7 Eylül 2009 Pazartesi

Uluma.

Söylediğime göre Mallerme 1866 yılının İlkbaharında- ilkbaharlar önemli- bunalımına yalnızca maruz kalmaktan çıkıp onu üzerine de almaya başlamış, bak bu önemli, farketmek falan diye yani..

Bendeniz şu sıraların dilleri (!) destan Sally Hayes'i ise 2009 yılının yazında şunları farkettim efendim; birayı 33 cl'lik şişeden içmeyi seviyorum, Martini bardağından her şeyi ama en çok ama çok çok vodka martini içmeyi seviyorum.

Her çap için farklı boyda farkındalıklar mevcut bolluk ve bereket dolu dünyamızda.

Amin.


Bu arada evet, seni seviyorum.

Serdar Ortaç diye biri gerçekten varmış, rüya değilmiş..

Siyah, küçük, çekirdekli üzüm kadar çirkin bir şey de bilmem şu dünyada desem, külliyen yalan olur bu nedenle susuyorum, yıllardır!

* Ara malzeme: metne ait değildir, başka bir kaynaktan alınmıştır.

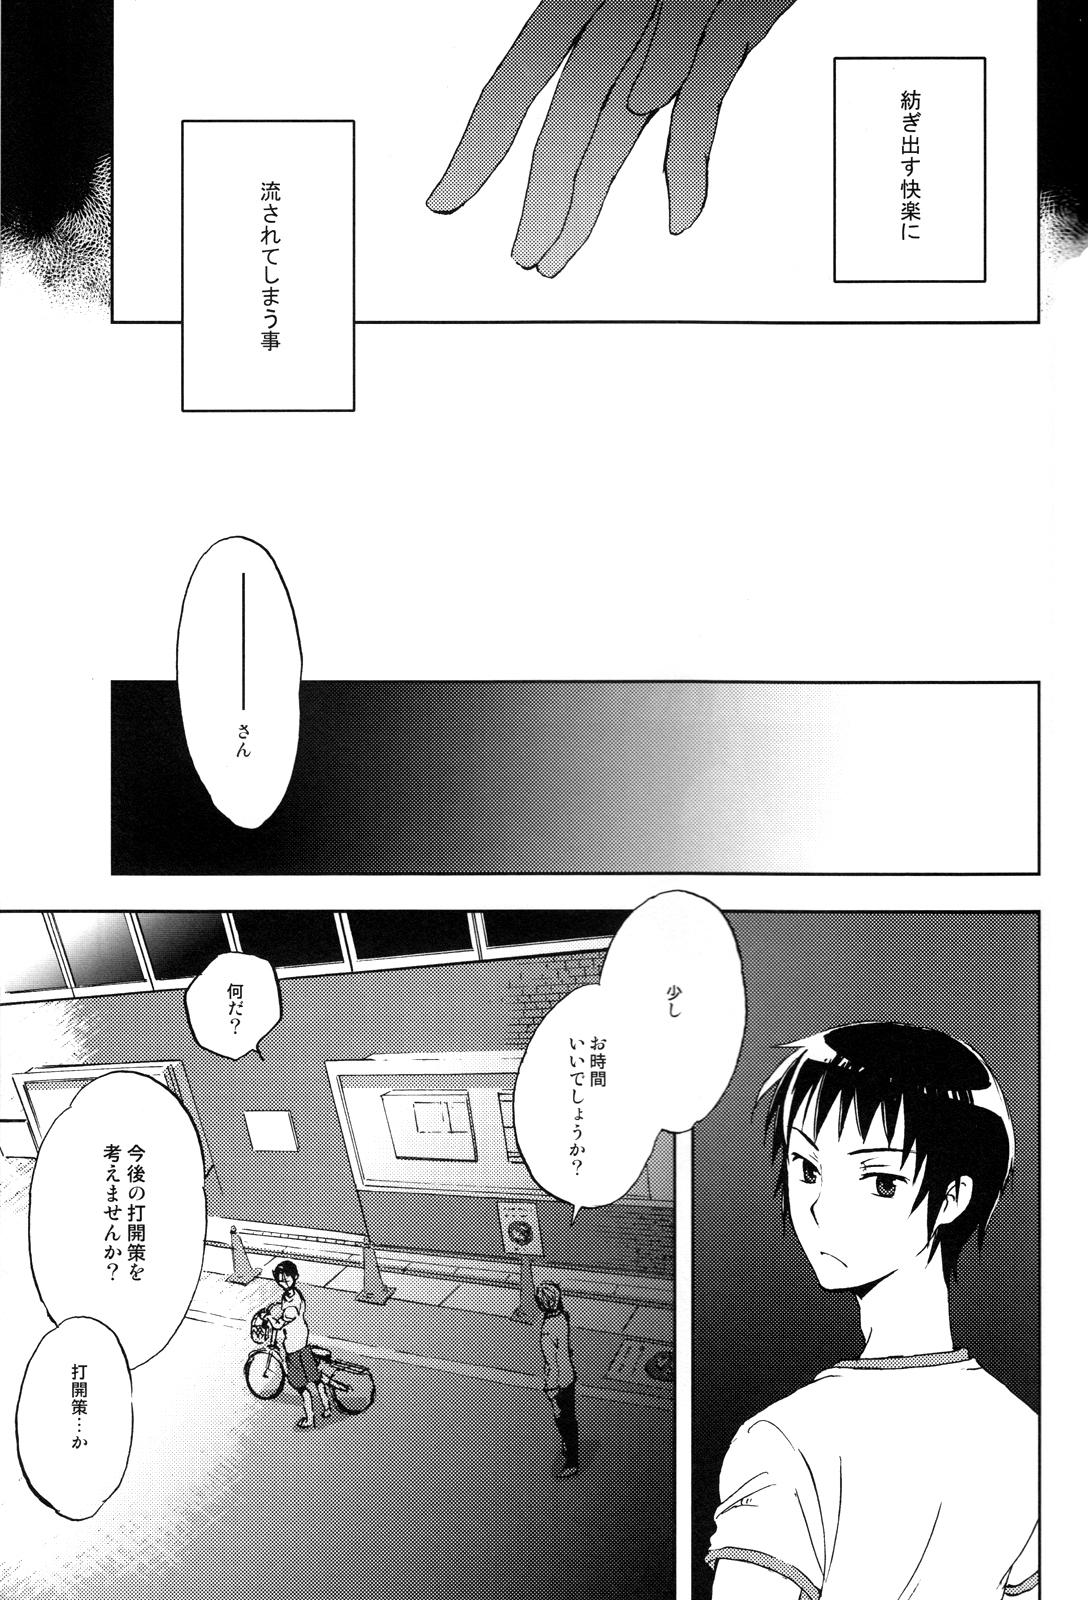 Flash Manatsu no meiro - The melancholy of haruhi suzumiya Olderwoman - Page 4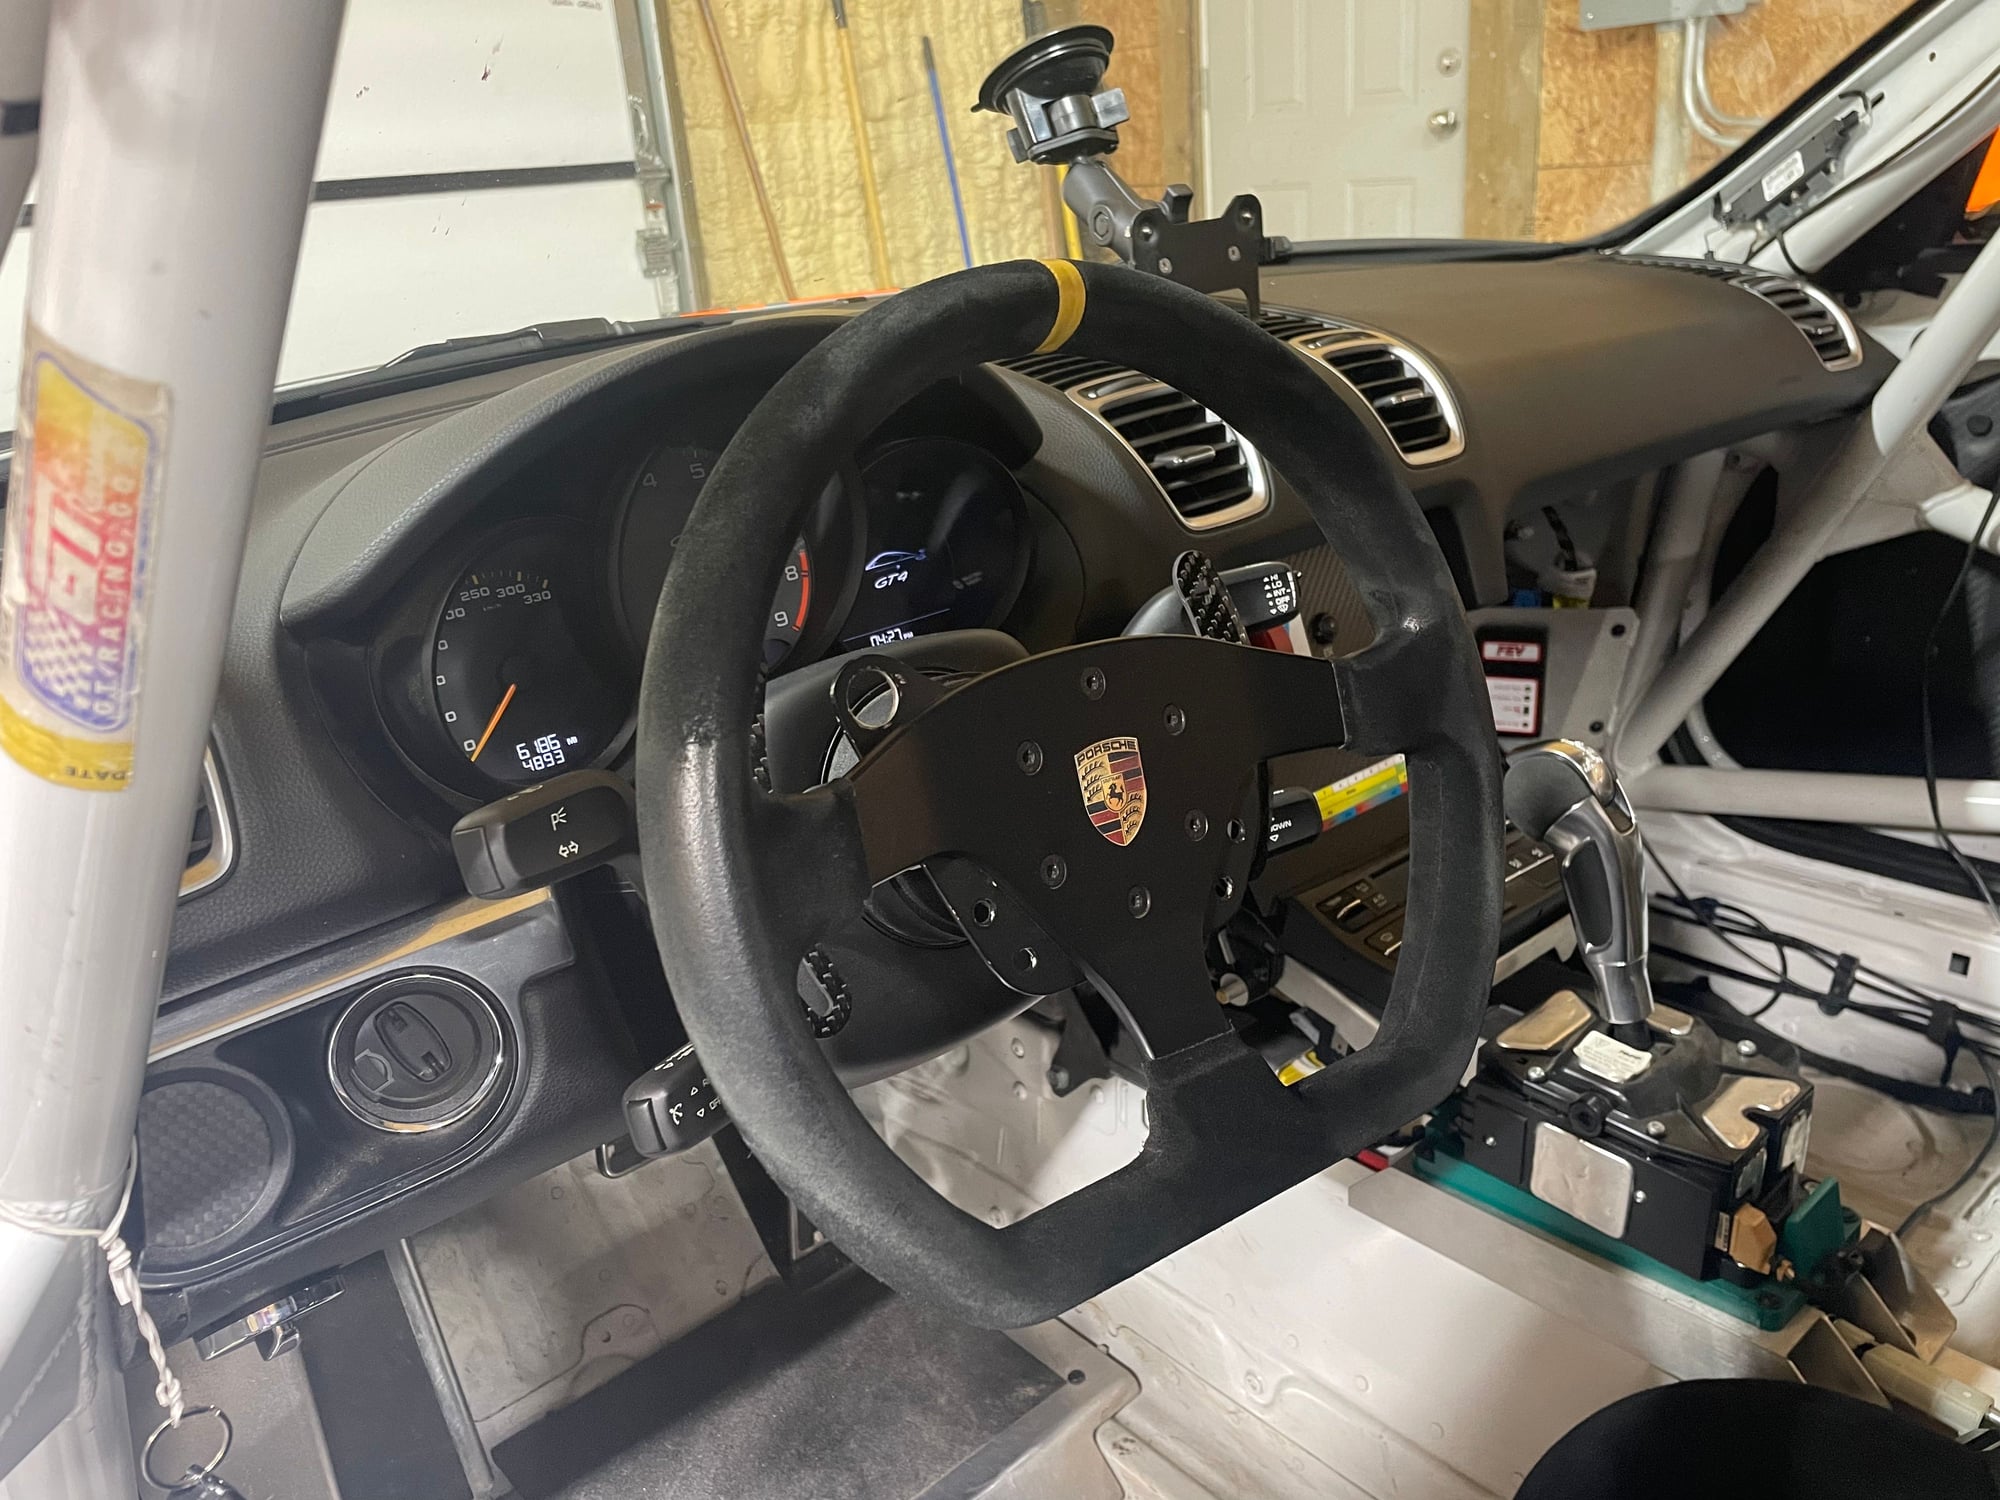 2016 Porsche Cayman GT4 - 2016 porsche GT4 Clubsport many upgrades JRZ suspension - Used - VIN XXXXXXXXXXXXXXXXX - 6,186 Miles - 6 cyl - 2WD - Automatic - Coupe - White - Little Rock, AR 72223, United States

Ama bir gün dayanamayıp ağzımı açarsam, işte o gün...

Aman boşver, neyse ne, naber?


Bu akşam Kayahanla arkadaş oldum. Evde yoktum.

Yok artık! Bir bu eksikti.

Delirdi iyii ce, vallah i başşedemiyorum, artık bıktım!

6 Eylül 2009 Pazar

huh!?

Bu aralar sürekli kendimi garip sapık tarikatların ortasında buluyorum -tabii o insanların bir araya gelip tarikat kurduklarından haberleri yok; her şeyi olduğu gibi bunu da bir tek ben biliyorum(!)- ve kendimi pek bir garip hissediyorum.

Tespitlerime göre bu insanları biraraya toplayan şey ya bir "pipi" oluyor ya da "meme", gerçekten, oturuyoruz bir masanın etrafında bir de fark ediyorum ki masadaki kızlardan birinin memelerini herkes tanıyor bir ben tanımıyorum, tabii haksız rekabet var ortada, kendimi kötü hissedip kalkıp gidiyorum.. Bu meme bazen bir pipiye dönüşüyor bir bakıyorum adam toplamış bütün pipisini tanıyanları..

En kötüsü de şu aynı memeyi tanıyanlardan olmak, ben aramızda bir kardeşlik bir dostluk varmış gibi düşünüp hemen ortama ısınsam da insanlar pek bir çekingen olabiliyor.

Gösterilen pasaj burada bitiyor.